As discussed in previous lessons, there are many different kinds of elements. The atoms of these elements are composed of a nucleus surrounded by orbital electrons. The nucleus consists of protons and neutrons. Each element has a specific number of protons, while the number of neutrons may vary, resulting in various isotopes of the same element.
In addition, a slight difference in mass-energy exists between a composite nucleus and the sum of the free-standing nucleons; that difference being the energy that binds the nucleus together. This indicates that each nucleon, i.e., proton or neutron, give up a certain amount of its mass-energy in order for the nucleus to hold together.
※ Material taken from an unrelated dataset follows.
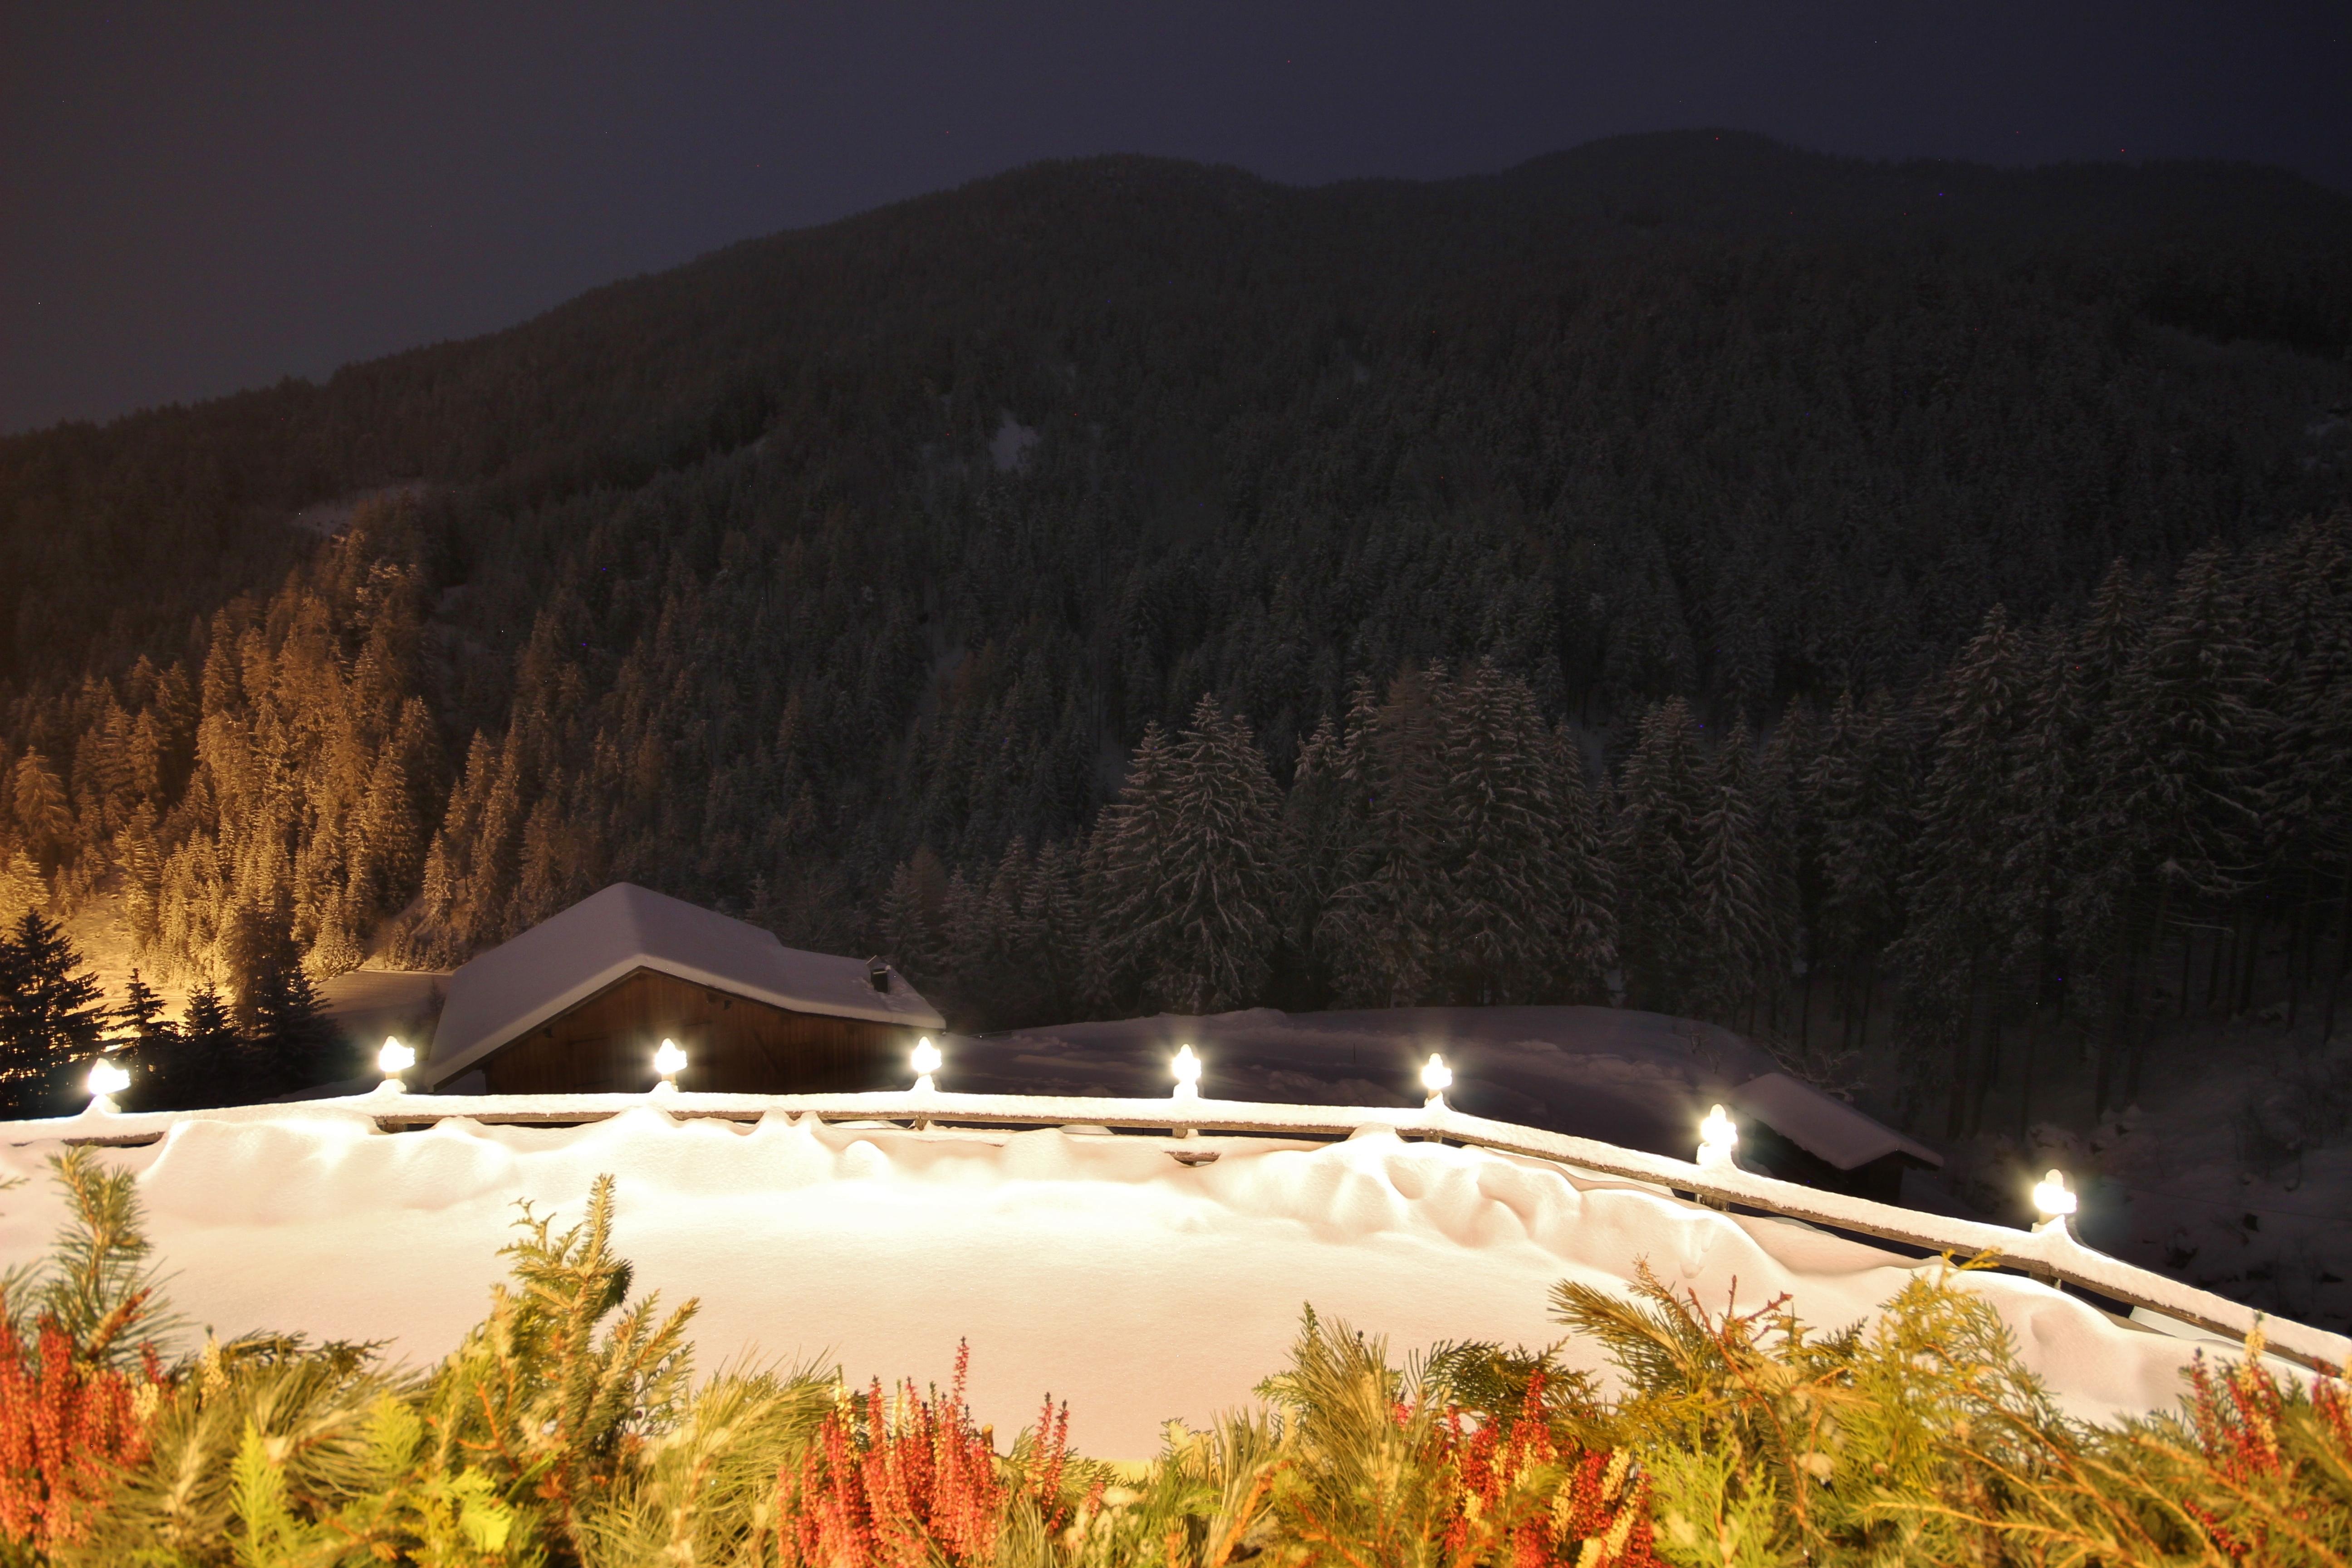 Dolomitenblick Balkon Winter 2020

Because only isotopes exist in nature, this must mean that only specific combinations of neutrons and protons are possible for the existence of the unchanging stable nuclei. Variations from these specific combinations are possible, but the nuclei may not be completely stable. In other words, there may be more energy present in the nuclei of some isotopes than is required to hold them together. With that excess of energy nuclei will not be stable and will, most likely, dissipate it in some manner, in order to become stable.
Stable nuclei will remain unchanged as long as there is no external influence causing them to become unstable. Unstable nuclei, however, will spontaneously emit excess energy and transform into more stable nuclei. Such transformations are independent of external influences such as temperature or chemical reactions of the atom. The emission of excess energy by unstable nuclei in order to achieve stability is the phenomenon of radioactivity.